- PROBLEM TO SOLVE: Without changing anything, reproduce every record below.

START ENTRIES SUPPLIED

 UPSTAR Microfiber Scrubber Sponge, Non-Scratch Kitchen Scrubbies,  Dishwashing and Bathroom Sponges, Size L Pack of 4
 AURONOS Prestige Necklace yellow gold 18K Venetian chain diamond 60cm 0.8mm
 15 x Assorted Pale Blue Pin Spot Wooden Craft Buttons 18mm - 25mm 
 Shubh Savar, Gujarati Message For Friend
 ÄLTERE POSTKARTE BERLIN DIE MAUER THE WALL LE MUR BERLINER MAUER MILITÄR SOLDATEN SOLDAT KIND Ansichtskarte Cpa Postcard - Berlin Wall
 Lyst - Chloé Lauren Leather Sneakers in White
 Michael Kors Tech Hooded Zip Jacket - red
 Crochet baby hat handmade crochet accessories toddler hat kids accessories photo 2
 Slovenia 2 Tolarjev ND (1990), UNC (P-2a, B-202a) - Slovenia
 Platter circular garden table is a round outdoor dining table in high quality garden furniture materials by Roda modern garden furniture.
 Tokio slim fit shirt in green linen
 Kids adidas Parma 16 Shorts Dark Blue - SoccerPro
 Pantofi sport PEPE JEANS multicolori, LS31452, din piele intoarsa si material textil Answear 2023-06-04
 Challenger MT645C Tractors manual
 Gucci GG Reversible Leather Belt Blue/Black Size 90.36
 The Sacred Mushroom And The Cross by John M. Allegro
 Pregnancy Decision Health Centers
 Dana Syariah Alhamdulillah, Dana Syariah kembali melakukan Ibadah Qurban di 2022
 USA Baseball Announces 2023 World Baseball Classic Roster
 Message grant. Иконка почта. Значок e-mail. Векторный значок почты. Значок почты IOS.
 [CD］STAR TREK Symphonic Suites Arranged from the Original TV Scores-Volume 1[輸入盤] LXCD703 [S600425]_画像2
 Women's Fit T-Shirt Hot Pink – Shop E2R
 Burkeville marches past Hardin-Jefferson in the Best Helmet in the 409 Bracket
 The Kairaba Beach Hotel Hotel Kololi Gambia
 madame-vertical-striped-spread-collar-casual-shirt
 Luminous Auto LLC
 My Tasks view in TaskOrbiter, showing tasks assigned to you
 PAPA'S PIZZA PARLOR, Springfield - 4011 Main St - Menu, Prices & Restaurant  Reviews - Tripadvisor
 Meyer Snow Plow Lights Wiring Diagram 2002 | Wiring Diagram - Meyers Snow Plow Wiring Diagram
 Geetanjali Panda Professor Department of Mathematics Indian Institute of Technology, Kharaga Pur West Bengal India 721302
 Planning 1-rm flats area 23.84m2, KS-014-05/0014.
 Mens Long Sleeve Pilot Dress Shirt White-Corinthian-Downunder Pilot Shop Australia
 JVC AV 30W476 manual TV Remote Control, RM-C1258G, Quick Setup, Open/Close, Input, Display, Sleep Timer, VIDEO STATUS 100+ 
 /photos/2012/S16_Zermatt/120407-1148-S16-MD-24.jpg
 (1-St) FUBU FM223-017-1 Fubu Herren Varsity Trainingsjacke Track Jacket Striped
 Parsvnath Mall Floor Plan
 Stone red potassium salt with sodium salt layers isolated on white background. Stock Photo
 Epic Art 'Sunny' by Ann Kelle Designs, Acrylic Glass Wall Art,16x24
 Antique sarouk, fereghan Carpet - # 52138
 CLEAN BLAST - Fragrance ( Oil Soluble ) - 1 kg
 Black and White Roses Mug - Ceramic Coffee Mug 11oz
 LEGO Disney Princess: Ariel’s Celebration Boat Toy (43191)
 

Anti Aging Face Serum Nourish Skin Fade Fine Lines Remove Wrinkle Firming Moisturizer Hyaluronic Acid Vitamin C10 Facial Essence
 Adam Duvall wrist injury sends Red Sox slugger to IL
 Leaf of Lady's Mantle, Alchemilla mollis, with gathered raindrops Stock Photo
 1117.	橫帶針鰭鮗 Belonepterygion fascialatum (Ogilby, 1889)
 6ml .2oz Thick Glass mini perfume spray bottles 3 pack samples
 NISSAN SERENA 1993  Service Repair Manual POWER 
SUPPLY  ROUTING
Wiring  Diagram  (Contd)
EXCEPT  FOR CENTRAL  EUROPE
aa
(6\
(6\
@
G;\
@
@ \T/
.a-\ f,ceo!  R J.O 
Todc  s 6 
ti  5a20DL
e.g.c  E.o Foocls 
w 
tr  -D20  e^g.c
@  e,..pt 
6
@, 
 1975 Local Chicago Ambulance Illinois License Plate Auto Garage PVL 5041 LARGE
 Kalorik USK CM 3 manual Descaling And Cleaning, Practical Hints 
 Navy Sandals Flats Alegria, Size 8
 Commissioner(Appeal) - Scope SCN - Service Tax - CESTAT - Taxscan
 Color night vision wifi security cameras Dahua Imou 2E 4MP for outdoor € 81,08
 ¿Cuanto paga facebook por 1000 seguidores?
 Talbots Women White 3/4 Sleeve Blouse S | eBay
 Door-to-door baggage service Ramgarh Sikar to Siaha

END ENTRIES SUPPLIED

- COMPLETED TASK:
 UPSTAR Microfiber Scrubber Sponge, Non-Scratch Kitchen Scrubbies,  Dishwashing and Bathroom Sponges, Size L Pack of 4
 AURONOS Prestige Necklace yellow gold 18K Venetian chain diamond 60cm 0.8mm
 15 x Assorted Pale Blue Pin Spot Wooden Craft Buttons 18mm - 25mm 
 Shubh Savar, Gujarati Message For Friend
 ÄLTERE POSTKARTE BERLIN DIE MAUER THE WALL LE MUR BERLINER MAUER MILITÄR SOLDATEN SOLDAT KIND Ansichtskarte Cpa Postcard - Berlin Wall
 Lyst - Chloé Lauren Leather Sneakers in White
 Michael Kors Tech Hooded Zip Jacket - red
 Crochet baby hat handmade crochet accessories toddler hat kids accessories photo 2
 Slovenia 2 Tolarjev ND (1990), UNC (P-2a, B-202a) - Slovenia
 Platter circular garden table is a round outdoor dining table in high quality garden furniture materials by Roda modern garden furniture.
 Tokio slim fit shirt in green linen
 Kids adidas Parma 16 Shorts Dark Blue - SoccerPro
 Pantofi sport PEPE JEANS multicolori, LS31452, din piele intoarsa si material textil Answear 2023-06-04
 Challenger MT645C Tractors manual
 Gucci GG Reversible Leather Belt Blue/Black Size 90.36
 The Sacred Mushroom And The Cross by John M. Allegro
 Pregnancy Decision Health Centers
 Dana Syariah Alhamdulillah, Dana Syariah kembali melakukan Ibadah Qurban di 2022
 USA Baseball Announces 2023 World Baseball Classic Roster
 Message grant. Иконка почта. Значок e-mail. Векторный значок почты. Значок почты IOS.
 [CD］STAR TREK Symphonic Suites Arranged from the Original TV Scores-Volume 1[輸入盤] LXCD703 [S600425]_画像2
 Women's Fit T-Shirt Hot Pink – Shop E2R
 Burkeville marches past Hardin-Jefferson in the Best Helmet in the 409 Bracket
 The Kairaba Beach Hotel Hotel Kololi Gambia
 madame-vertical-striped-spread-collar-casual-shirt
 Luminous Auto LLC
 My Tasks view in TaskOrbiter, showing tasks assigned to you
 PAPA'S PIZZA PARLOR, Springfield - 4011 Main St - Menu, Prices & Restaurant  Reviews - Tripadvisor
 Meyer Snow Plow Lights Wiring Diagram 2002 | Wiring Diagram - Meyers Snow Plow Wiring Diagram
 Geetanjali Panda Professor Department of Mathematics Indian Institute of Technology, Kharaga Pur West Bengal India 721302
 Planning 1-rm flats area 23.84m2, KS-014-05/0014.
 Mens Long Sleeve Pilot Dress Shirt White-Corinthian-Downunder Pilot Shop Australia
 JVC AV 30W476 manual TV Remote Control, RM-C1258G, Quick Setup, Open/Close, Input, Display, Sleep Timer, VIDEO STATUS 100+ 
 /photos/2012/S16_Zermatt/120407-1148-S16-MD-24.jpg
 (1-St) FUBU FM223-017-1 Fubu Herren Varsity Trainingsjacke Track Jacket Striped
 Parsvnath Mall Floor Plan
 Stone red potassium salt with sodium salt layers isolated on white background. Stock Photo
 Epic Art 'Sunny' by Ann Kelle Designs, Acrylic Glass Wall Art,16x24
 Antique sarouk, fereghan Carpet - # 52138
 CLEAN BLAST - Fragrance ( Oil Soluble ) - 1 kg
 Black and White Roses Mug - Ceramic Coffee Mug 11oz
 LEGO Disney Princess: Ariel’s Celebration Boat Toy (43191)
 

Anti Aging Face Serum Nourish Skin Fade Fine Lines Remove Wrinkle Firming Moisturizer Hyaluronic Acid Vitamin C10 Facial Essence
 Adam Duvall wrist injury sends Red Sox slugger to IL
 Leaf of Lady's Mantle, Alchemilla mollis, with gathered raindrops Stock Photo
 1117.	橫帶針鰭鮗 Belonepterygion fascialatum (Ogilby, 1889)
 6ml .2oz Thick Glass mini perfume spray bottles 3 pack samples
 NISSAN SERENA 1993  Service Repair Manual POWER 
SUPPLY  ROUTING
Wiring  Diagram  (Contd)
EXCEPT  FOR CENTRAL  EUROPE
aa
(6\
(6\
@
G;\
@
@ \T/
.a-\ f,ceo!  R J.O 
Todc  s 6 
ti  5a20DL
e.g.c  E.o Foocls 
w 
tr  -D20  e^g.c
@  e,..pt 
6
@, 
 1975 Local Chicago Ambulance Illinois License Plate Auto Garage PVL 5041 LARGE
 Kalorik USK CM 3 manual Descaling And Cleaning, Practical Hints 
 Navy Sandals Flats Alegria, Size 8
 Commissioner(Appeal) - Scope SCN - Service Tax - CESTAT - Taxscan
 Color night vision wifi security cameras Dahua Imou 2E 4MP for outdoor € 81,08
 ¿Cuanto paga facebook por 1000 seguidores?
 Talbots Women White 3/4 Sleeve Blouse S | eBay
 Door-to-door baggage service Ramgarh Sikar to Siaha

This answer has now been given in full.